» **EXERCISE**: Each line from the one holding "Thermador PRG30, PRL36, PRL30" to the last line below must be restated word for word, and no picture may be included.
==== DATASET SECTION ====
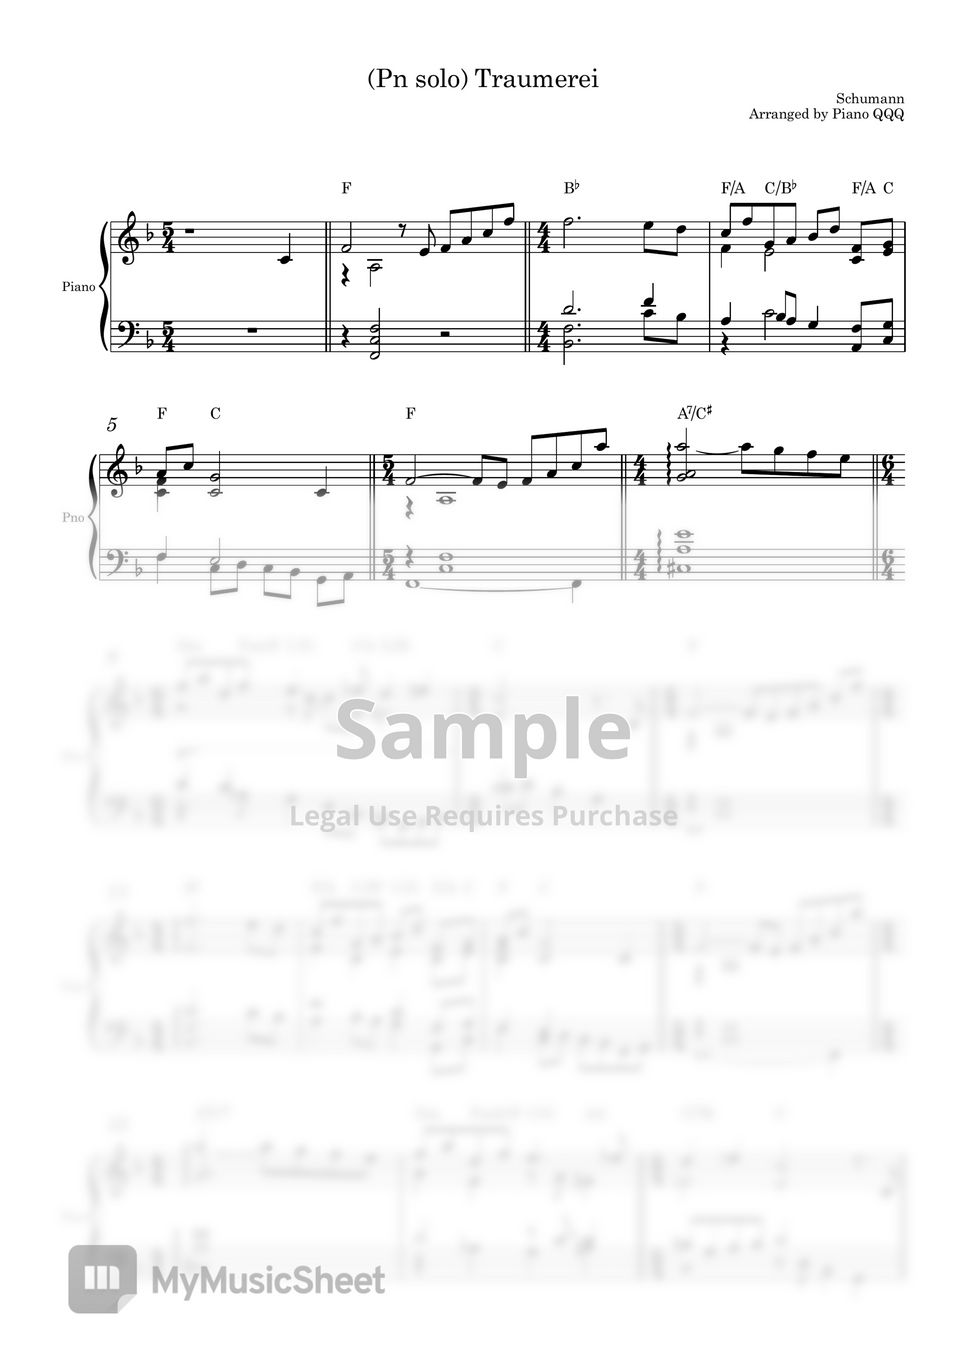 Schumann - Traumerei (Sheet music for piano solo) by Piano QQQ
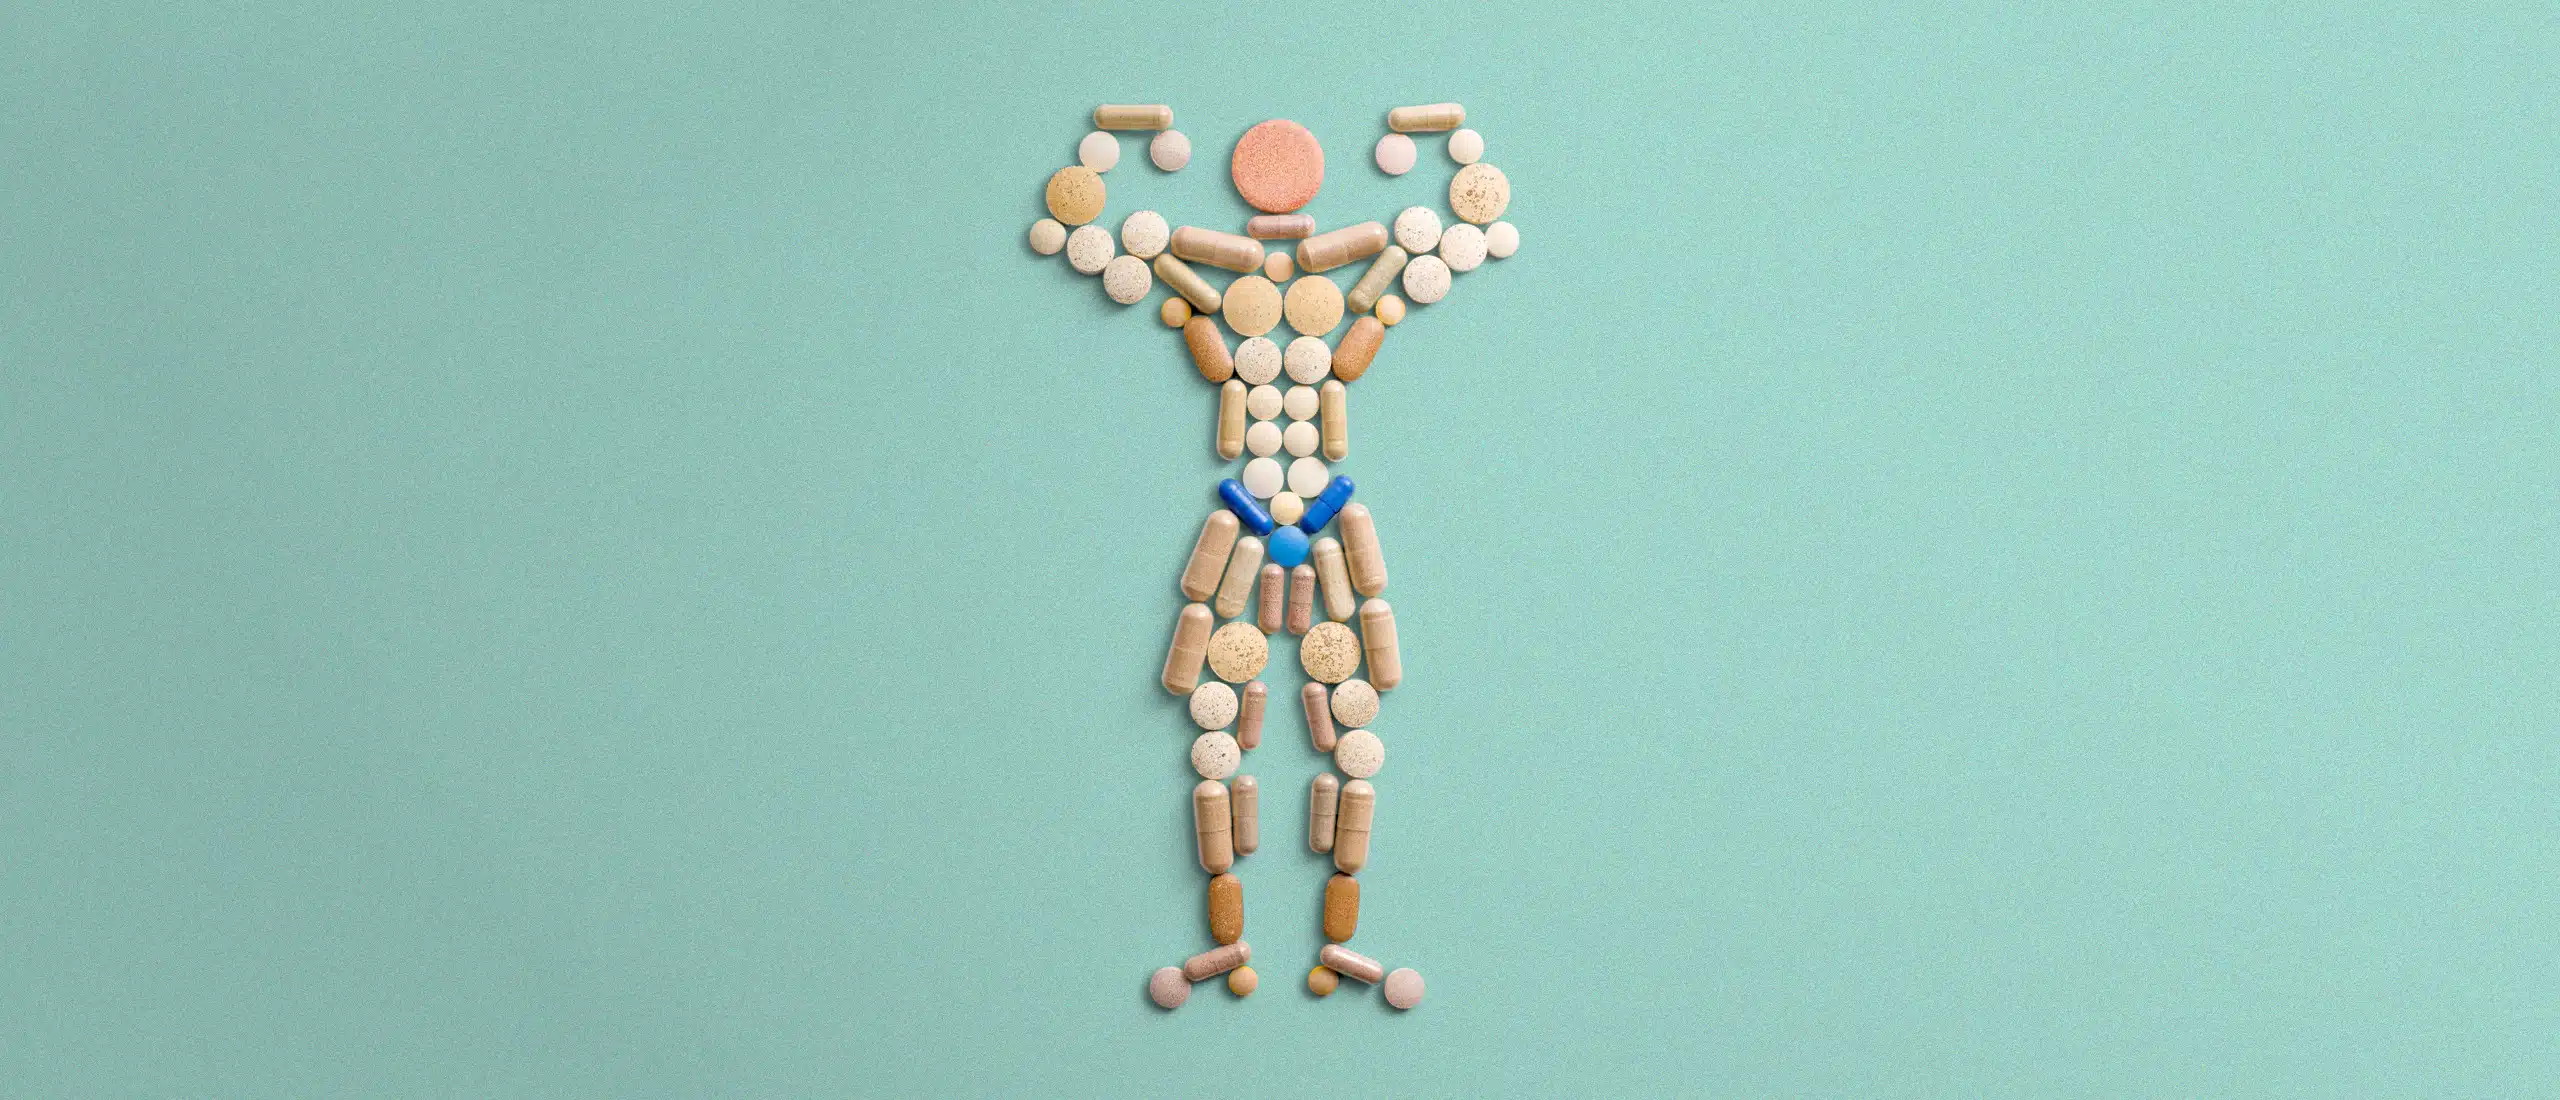 Pills arranged into the shape of a man flexing
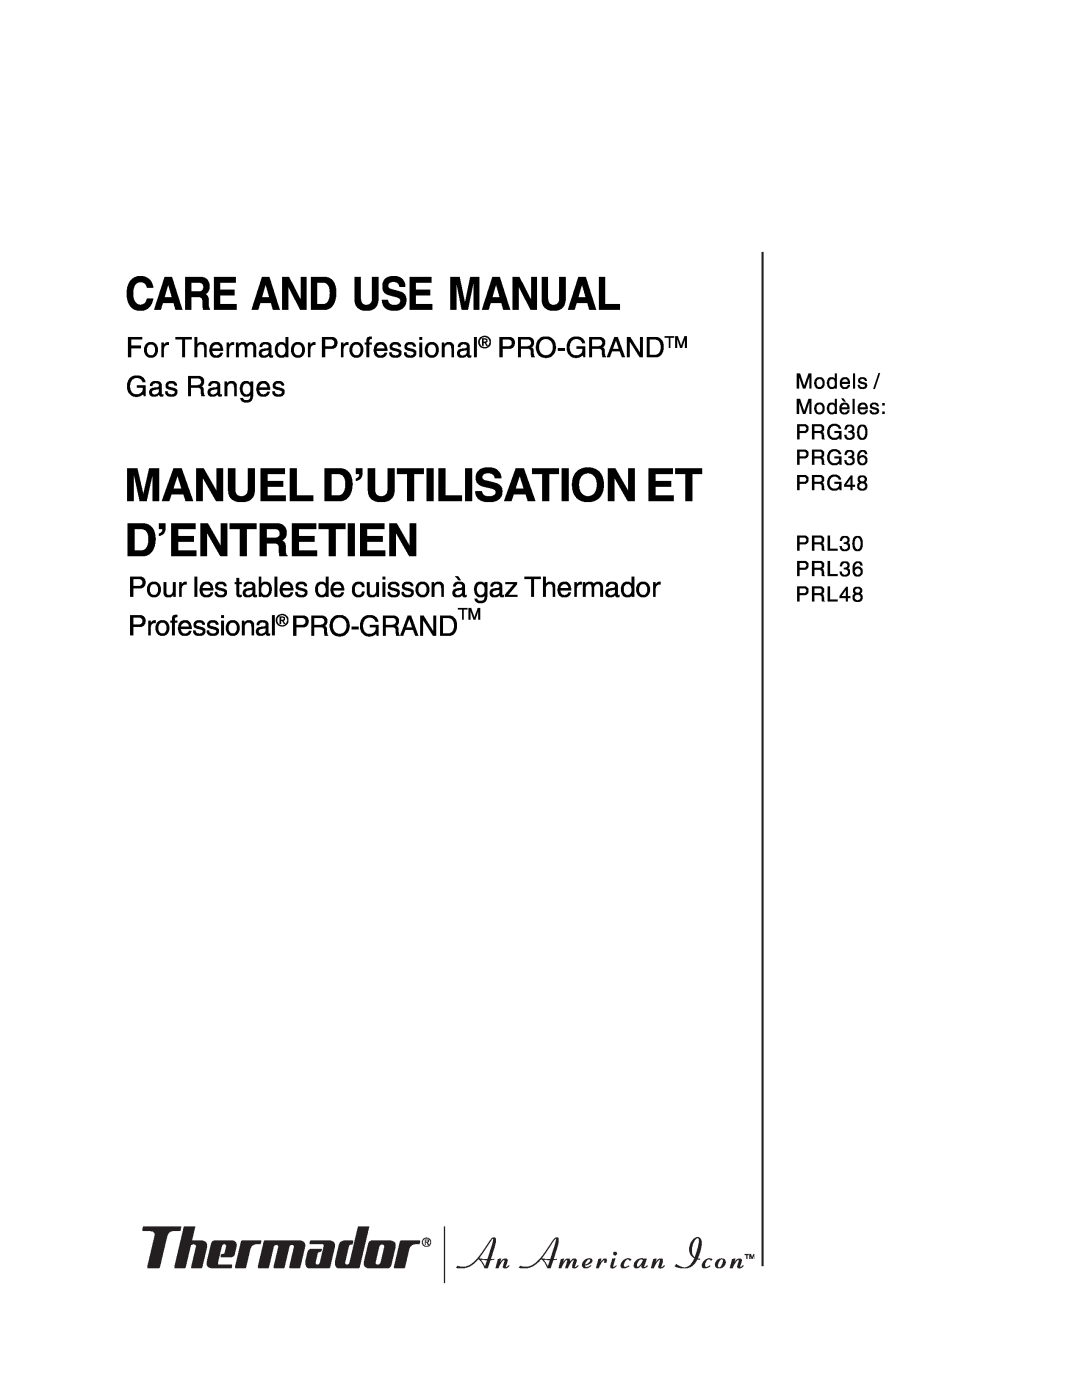 Thermador PRG30, PRL36, PRL30 manual Care And Use Manual, Guide Dutilisation Et Dentretien, Manual De Uso Y Cuidado 
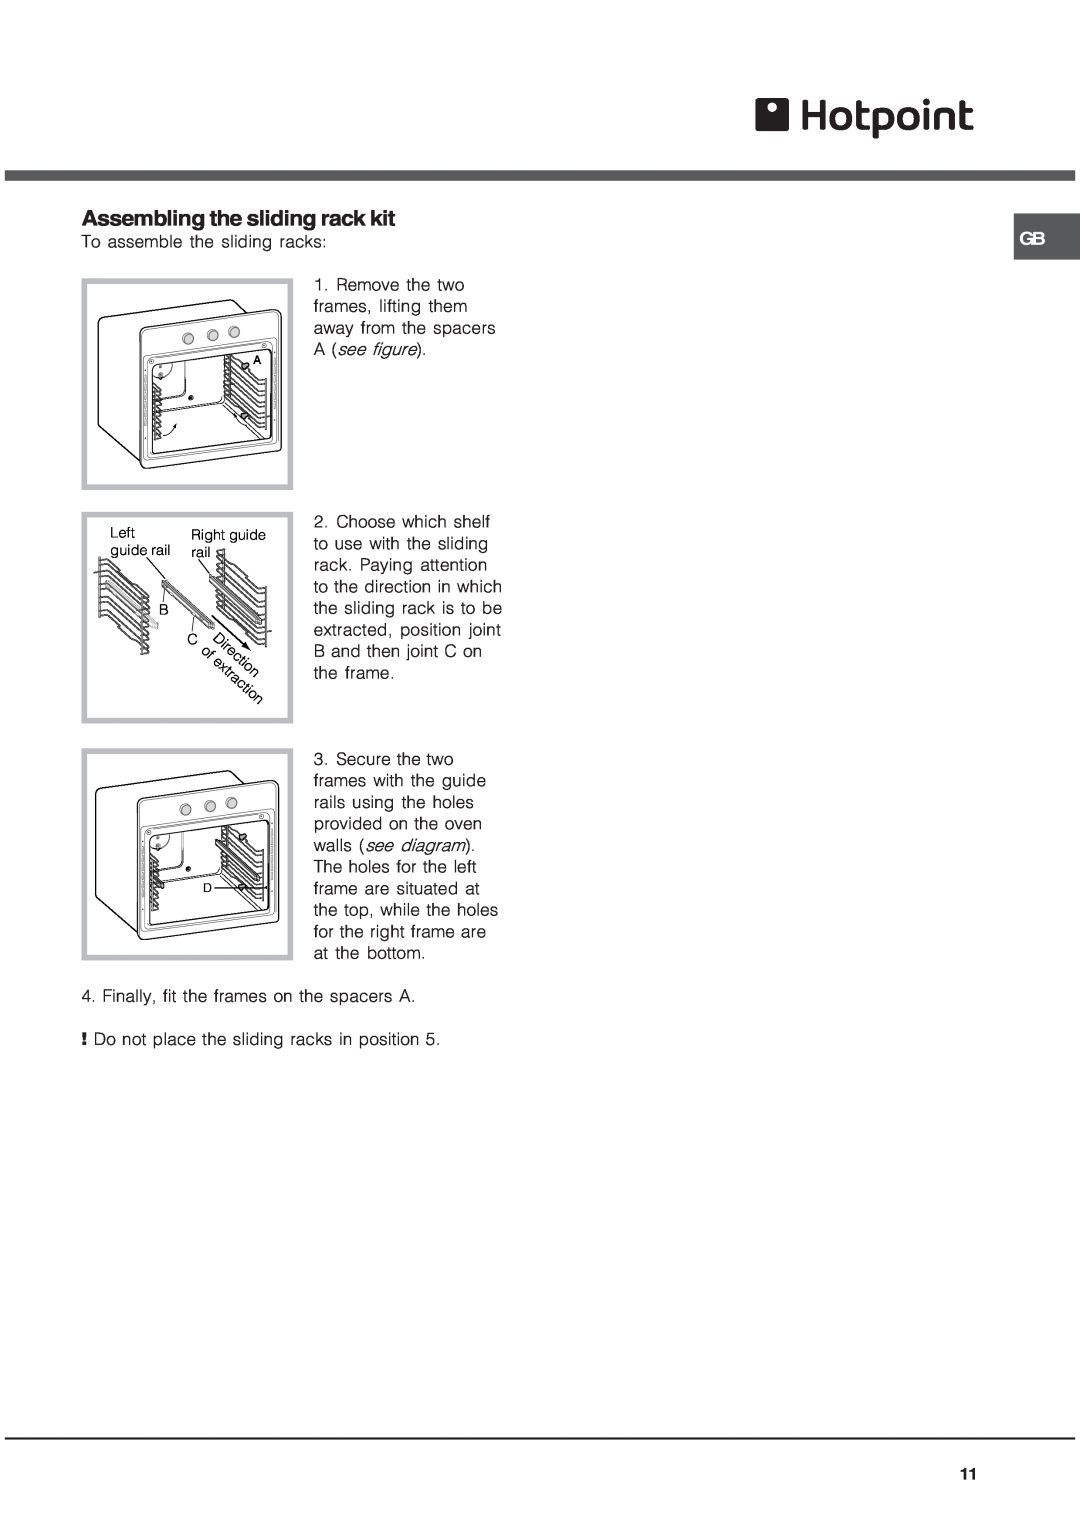 Hotpoint SQ892I manual Assembling the sliding rack kit
====
» **EXERCISE RESPONSE**:
 Thermador PRG30, PRL36, PRL30 manual Care And Use Manual, Guide Dutilisation Et Dentretien, Manual De Uso Y Cuidado 
 Hotpoint SQ892I manual Assembling the sliding rack kit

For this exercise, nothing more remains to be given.